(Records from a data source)
********************
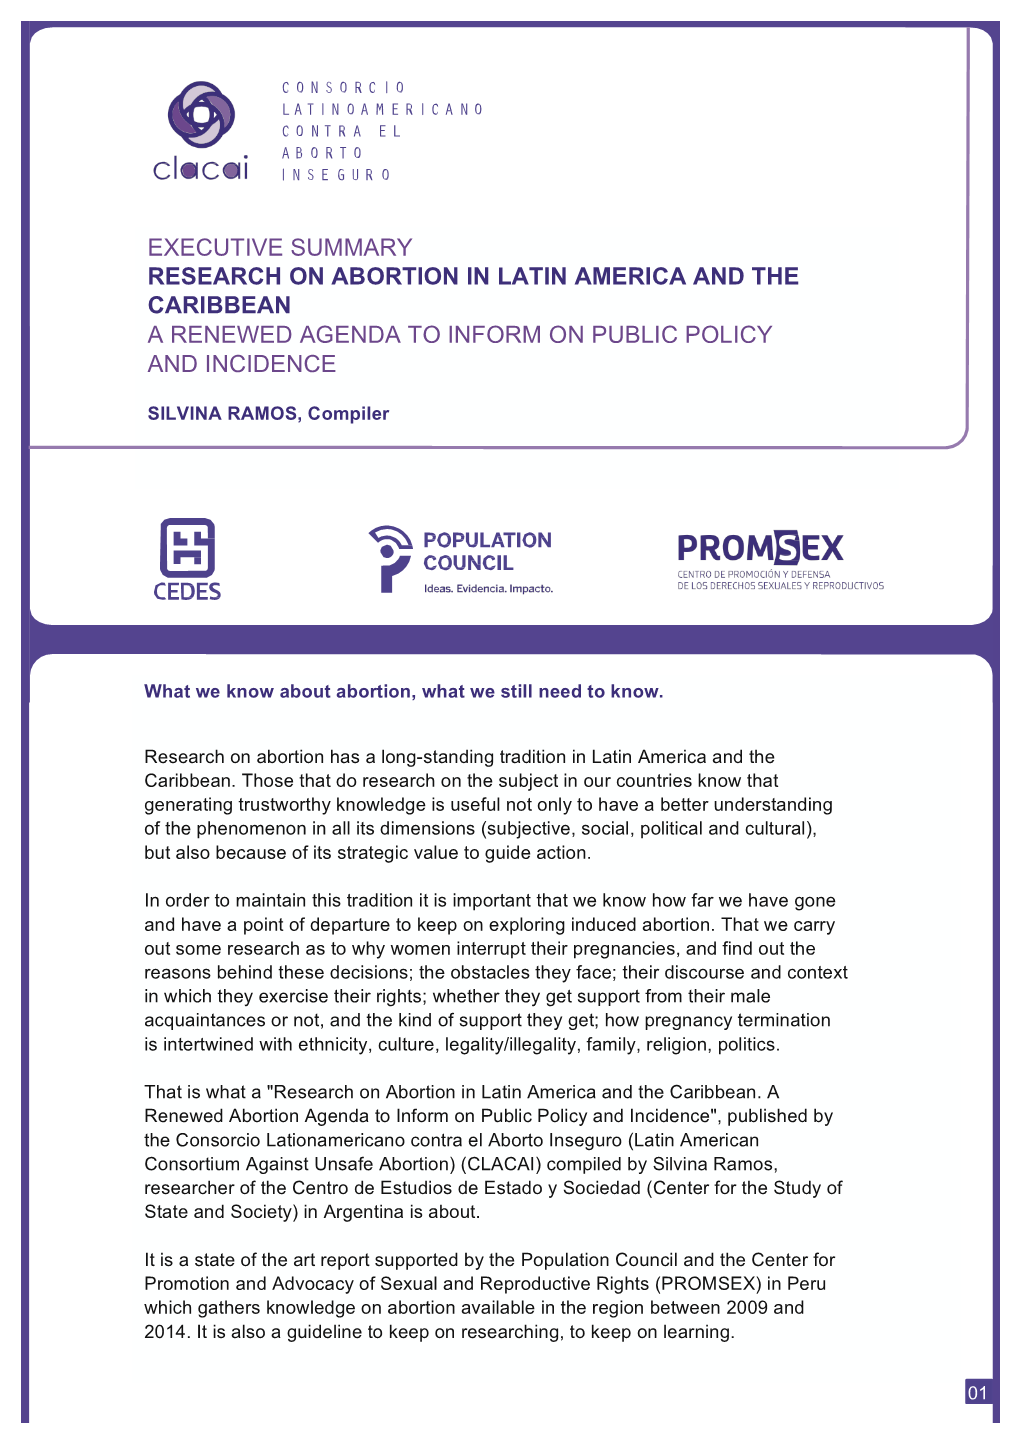 Executive Summary Research on Abortion in Latin America and the Caribbean a Renewed Agenda to Inform on Public Policy and Incidence
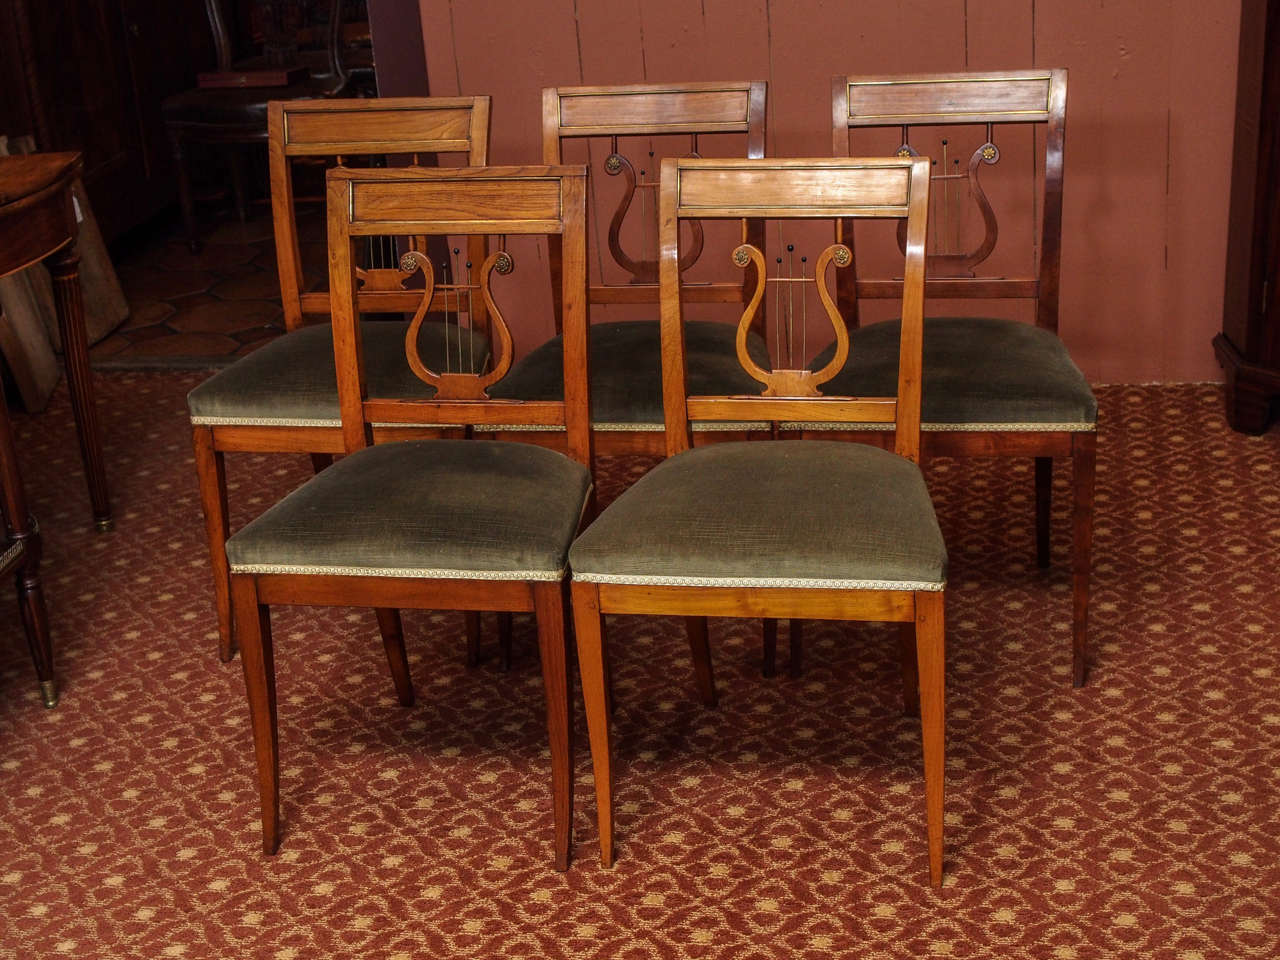 Set of ten 19th century French Directoire style dining chairs with sabre legs and lyre decoration at back, accented with bronze rosettes
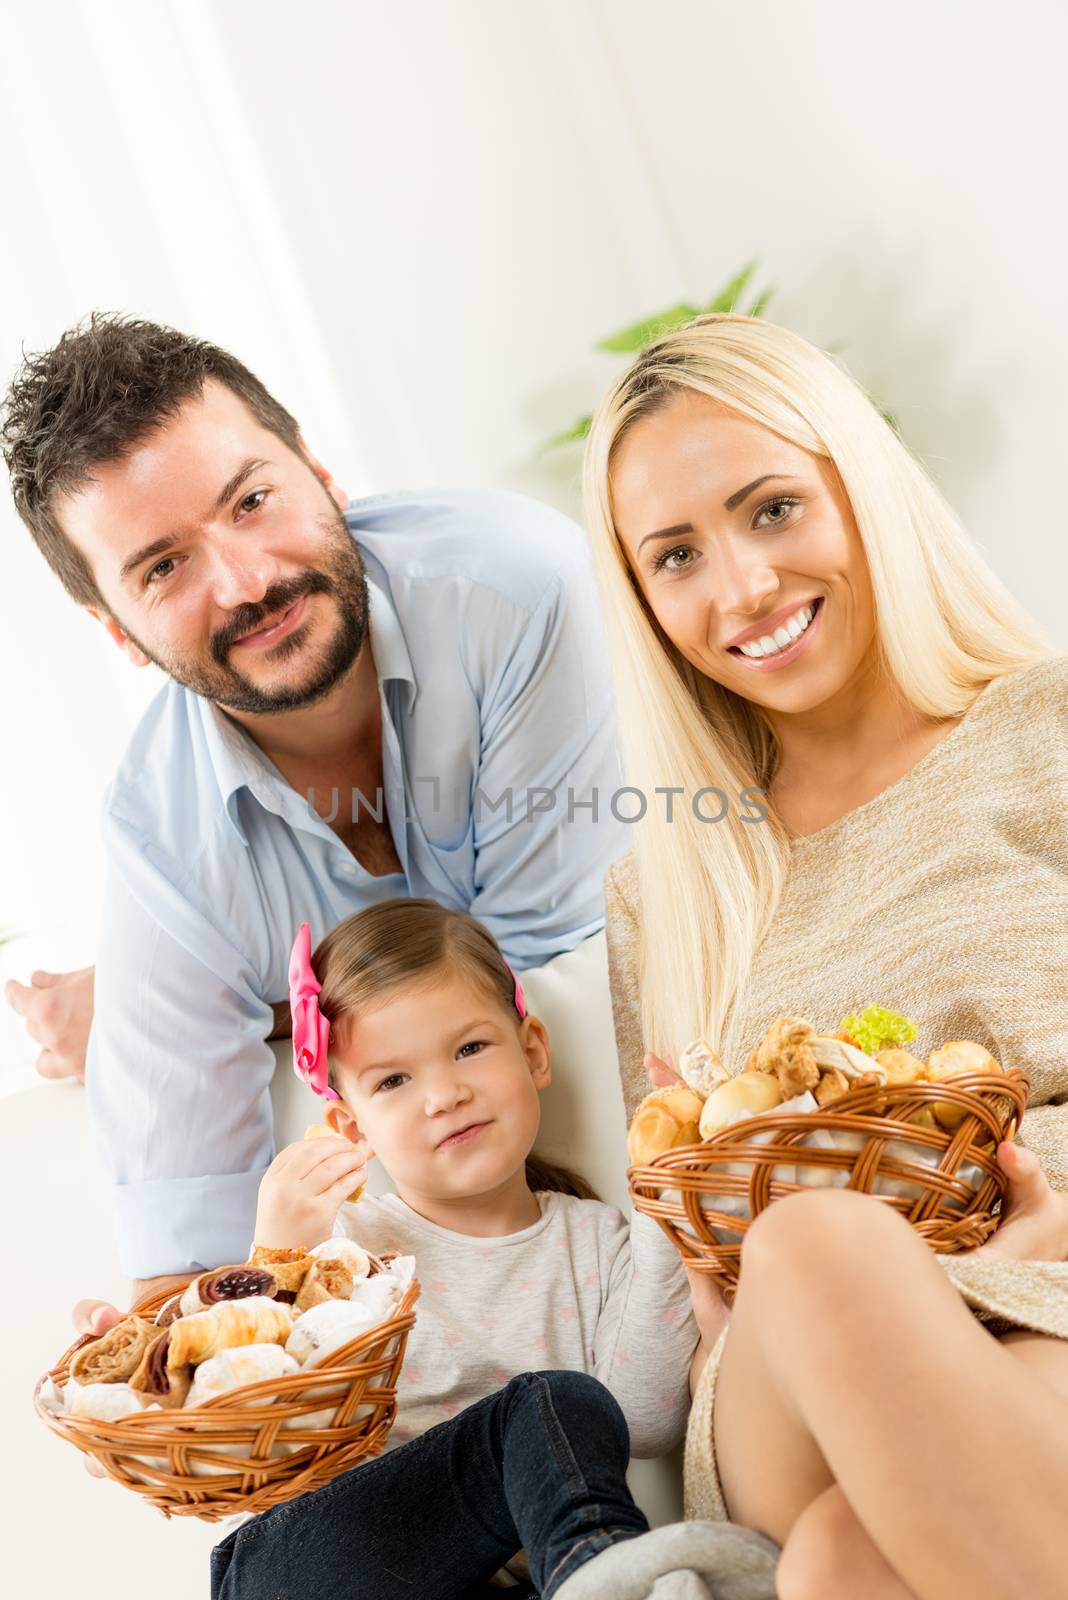 Young parents hold in their hands woven basket with delicious salty and sweet pastries. Beside them sit on the couch their little daughter eating pastries.
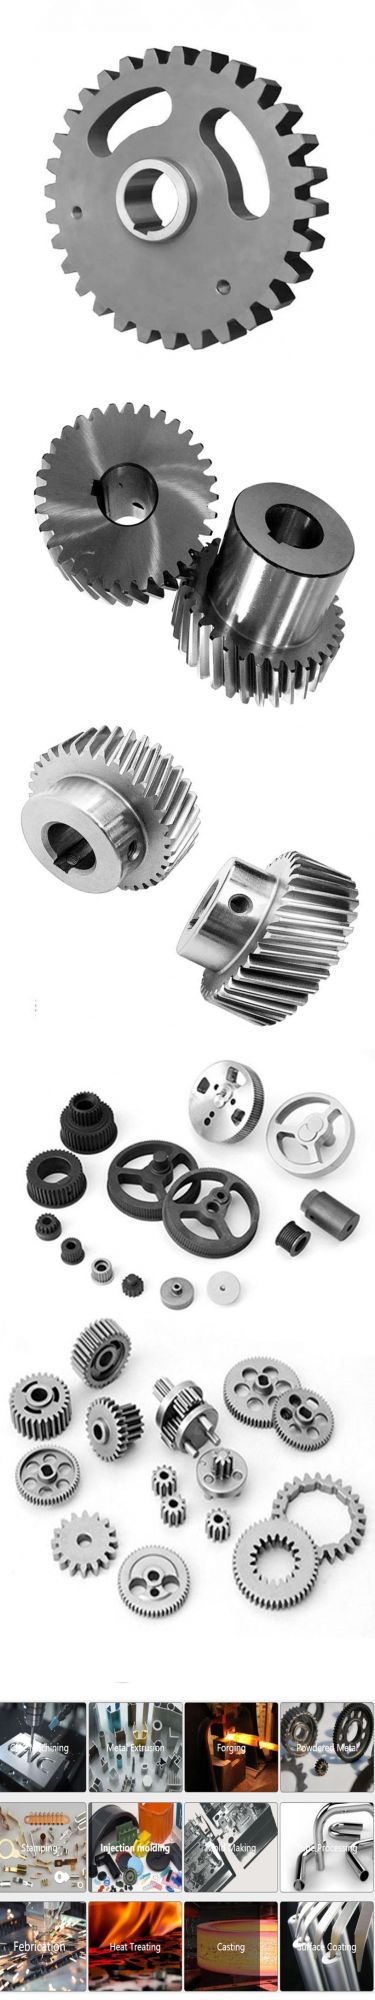 Transmission Gears for Agricultural Motorcycles
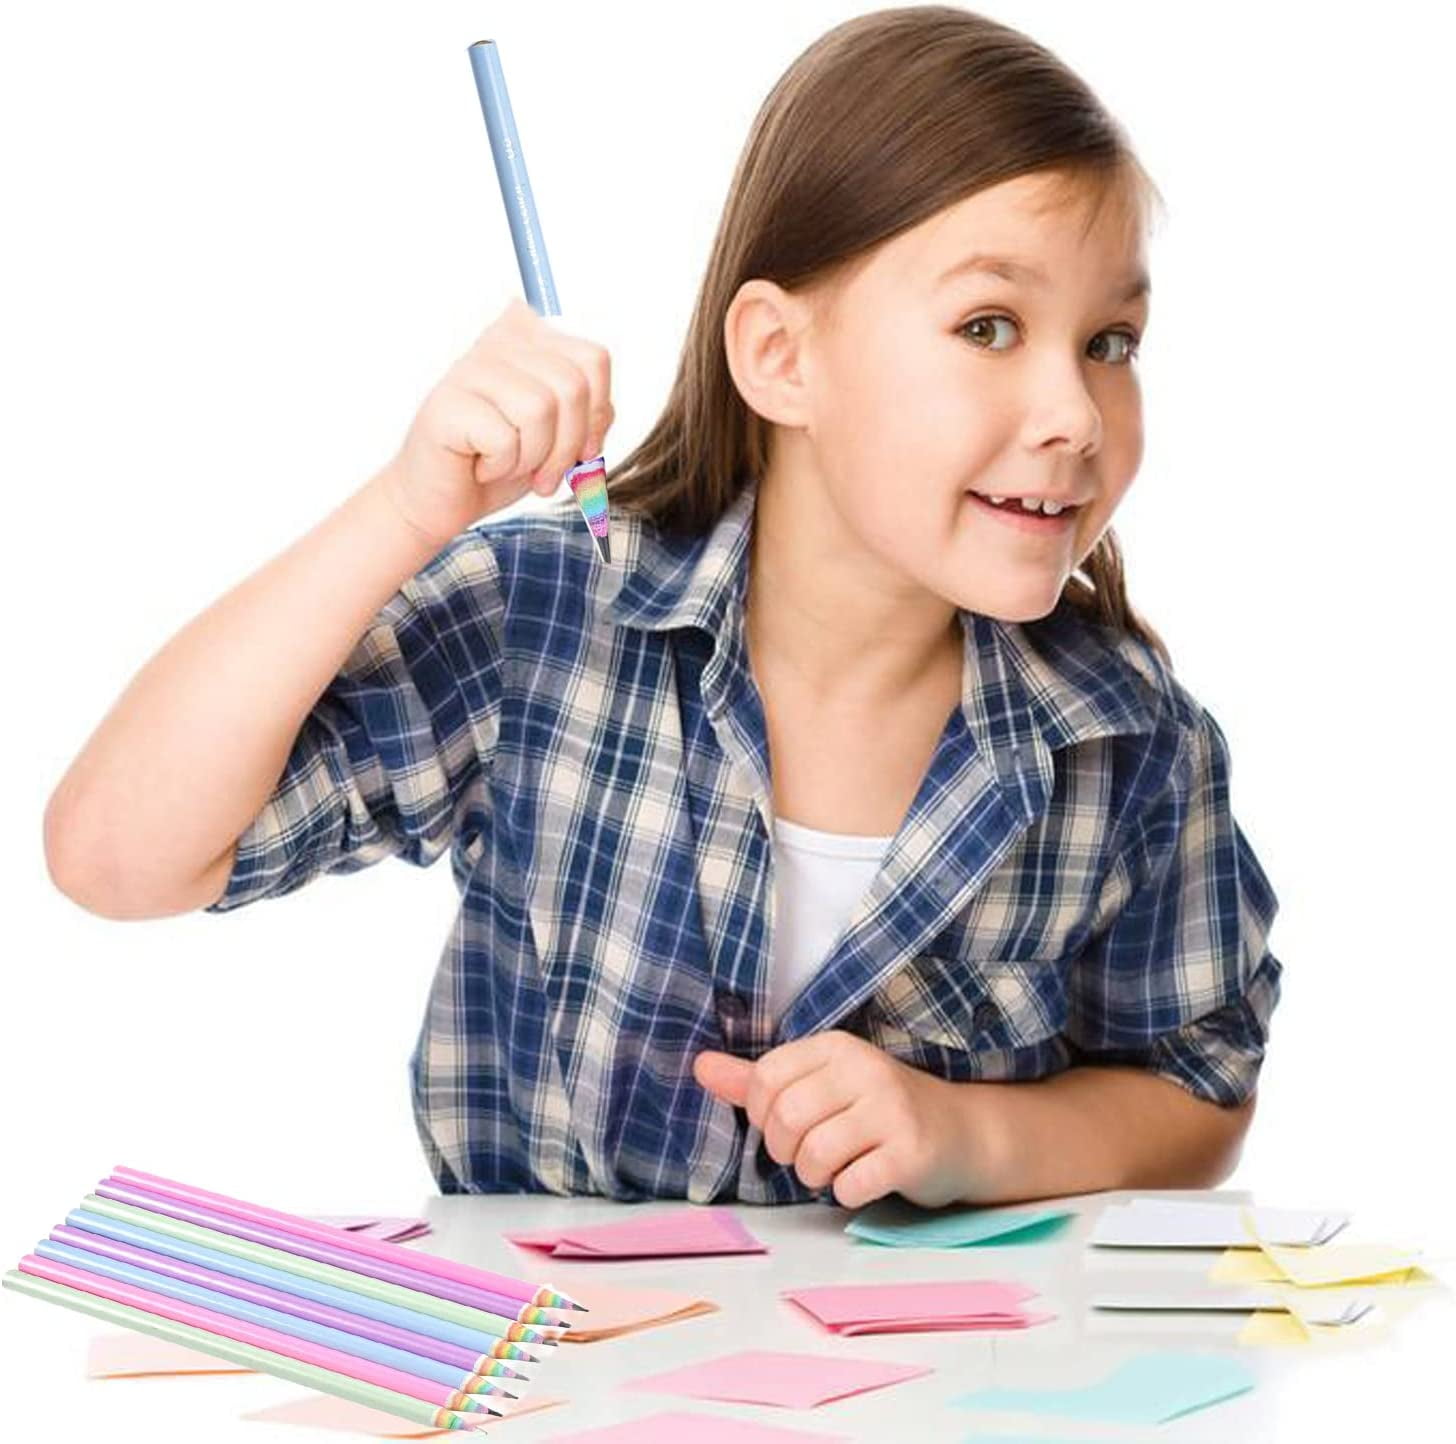 Baker Ross AT962 Rainbow Pencil Set - Pack of 12, Ideal for Kids School Set, Homework, School Classwork, Party Bag Filler and Small Gifts
********************
:: Task directions ::
Write out the data exactly, but not its pictures.

:: Result for this task ::
 Executive Summary Research on Abortion in Latin America and the Caribbean a Renewed Agenda to Inform on Public Policy and Incidence
 Set of ten 19th century French Directoire style dining chairs with sabre legs and lyre decoration at back, accented with bronze rosettes
 Young parents hold in their hands woven basket with delicious salty and sweet pastries. Beside them sit on the couch their little daughter eating pastries.
 Transmission Gears for Agricultural Motorcycles
 Baker Ross AT962 Rainbow Pencil Set - Pack of 12, Ideal for Kids School Set, Homework, School Classwork, Party Bag Filler and Small Gifts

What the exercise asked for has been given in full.